2La confirmation et la proclamation de l'existence d'une strate
élémentaire du politique nous paraît à la fois correspondre au
vœu de classification typologique de J.-P. JESSENNE et constituer la
conclusion majeure d'un colloque qui nous invite à y voir une
sorte de frontière intérieure dessinée par les équilibres subtiles ou
les affrontements violents entre les exigences uniformisantes de
l'État, quel qu'il soit, et les logiques particularistes des
communautés “primaires”. D'autres considérations pouvant être
également retenues, il nous a paru plus clair de les ramasser sous
une série de rubriques allant à l'essentiel.
UNE FRONTIÈRE
INTÉRIEURE OU LA
RÉHABILITATION DU
POUVOIR LOCAL
3La strate élémentaire des communautés d'habitants constitue
une sorte de plasma social duquel la quasi totalité du reste de la
Société, à un moment ou à un autre, est issu. Cette couche
première est constituée, en 1780, par près de 80 % de la
population du royaume, et si l'on s'en tient à une sorte de
perspective braudélienne horizontale, c'est là que se situe le
phénomène statistique le plus lourd, quantitativement parlant.
Sans pousser trop loin le paradoxe sur l'identité effective de la
véritable “grande politique”, il faut donc réhabiliter ce niveau
initial, mêmes si les sources qui permettent de l'appréhender sont
moins nombreuses et moins loquaces que celles concernant les
multiples aspects de l'autre politique. L'Histoire du pouvoir local
s'identifierait donc à celle de cette frontière intérieure impalpable,
mouvante et pourtant réelle, constamment redessinée par les
rapports de forces nés du renforcement ou de l'affaiblissement
des autorités supérieures et de leur capacité à se faire obéir.
4Communications et débats ont fait surgir l'identité des
comportements des municipalités rurales que ce soit dans le haut
Comtat, en Champagne, en Poitou ou dans les Pyrénées-
Orientales. Partout elles ont tenu un double langage pour écarter
ou retarder réquisitions, épurations et arrestations. Beaucoup s'en
sont tenues à un légalisme prudent finissant par exécuter
partiellement, tout en déplorant les maux qui accablaient leurs
administrés, les décrets et arrêtés dont on les harcelait.
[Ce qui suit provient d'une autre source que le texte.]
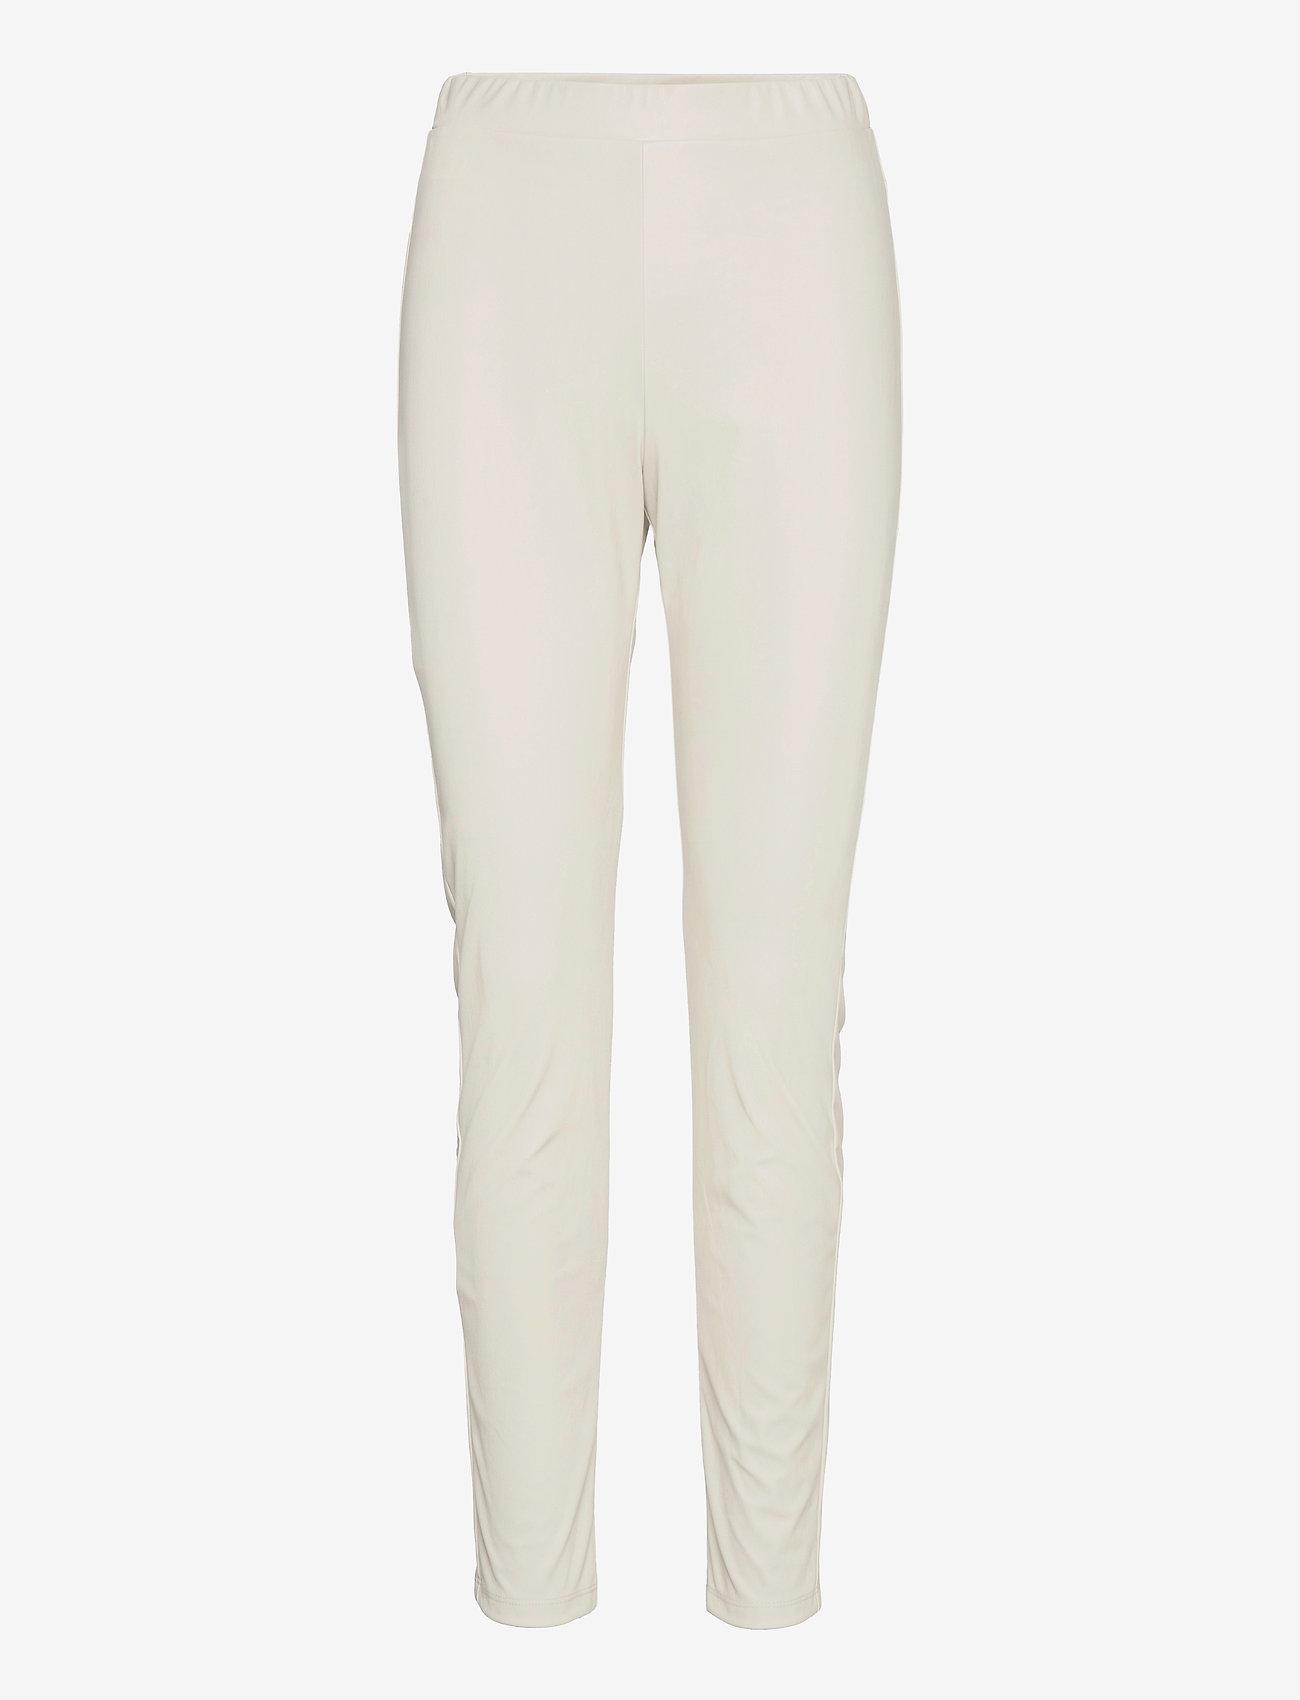 Max Mara Leisure - RANGHI - leather trousers - beige - 0

Permanence donc d'une solidarité locale que l'on retrouve, sous
une autre forme, en avril 1848, quand les villages normands
décrits par TOCQUEVILLE, allaient voter en rang, sous la houlette de
leurs prêtres et de leurs notables. Cette unanimité disciplinée ne
serait pas tant l'aveu d'une soumission révérencielle aux
notabilités que l'expression d'une solidarité communautaire
réaffirmée et que P. GUENIFFEY a repérée dans beaucoup de
scrutins ruraux de 1790 et 1791. En fait, en 1848, l'éthique
contractuelle et solidaire de la communauté l'emporte encore sur
les conséquences mal perçues d'une démocratisation qui ne doit
pas inciter à lâcher la proie, même modeste, pour une ombre trop
incertaine.

LES LIMITES DU
CENTRALISME BOURBONIEN
ET SON IMPLOSION (ÉTÉ-
AUTOMNE 1789)
5Le leitmotiv jubilatoire de N. HAMPSON après chaque
communication du premier jour aboutissait à constater l'extrême
diversité institutionnelle de l'Ancien Régime vers 1780, difficile à
concilier avec l'hypothèse d'un centralisme conquérant.
L'Intendant n'est plus ce qu'il était, la communication de
G. SAUPIN le confirme ainsi que le bilan tenté par Cl. NIÈRES. En
Provence, mais surtout en Languedoc et en Bretagne, la
monarchie se heurte au niveau intermédiaire du pouvoir provincial
(États, cours souveraines) qui prétend sauvegarder les libertés et
privilèges de ses concitoyens. Les mots patriote et patriotisme
sont souvent utilisés pour signifier la solidarité active des
communautés d'habitants, surtout les villes, avec ces instances
intermédiaires dans leur combat contre le “despotisme ministériel
“. Avec un bémol cependant, dans la mesure où G. FOURNIER nous
rappelle que les communautés languedociennes se méfient autant
du despotisme de leurs États que de celui des ministres.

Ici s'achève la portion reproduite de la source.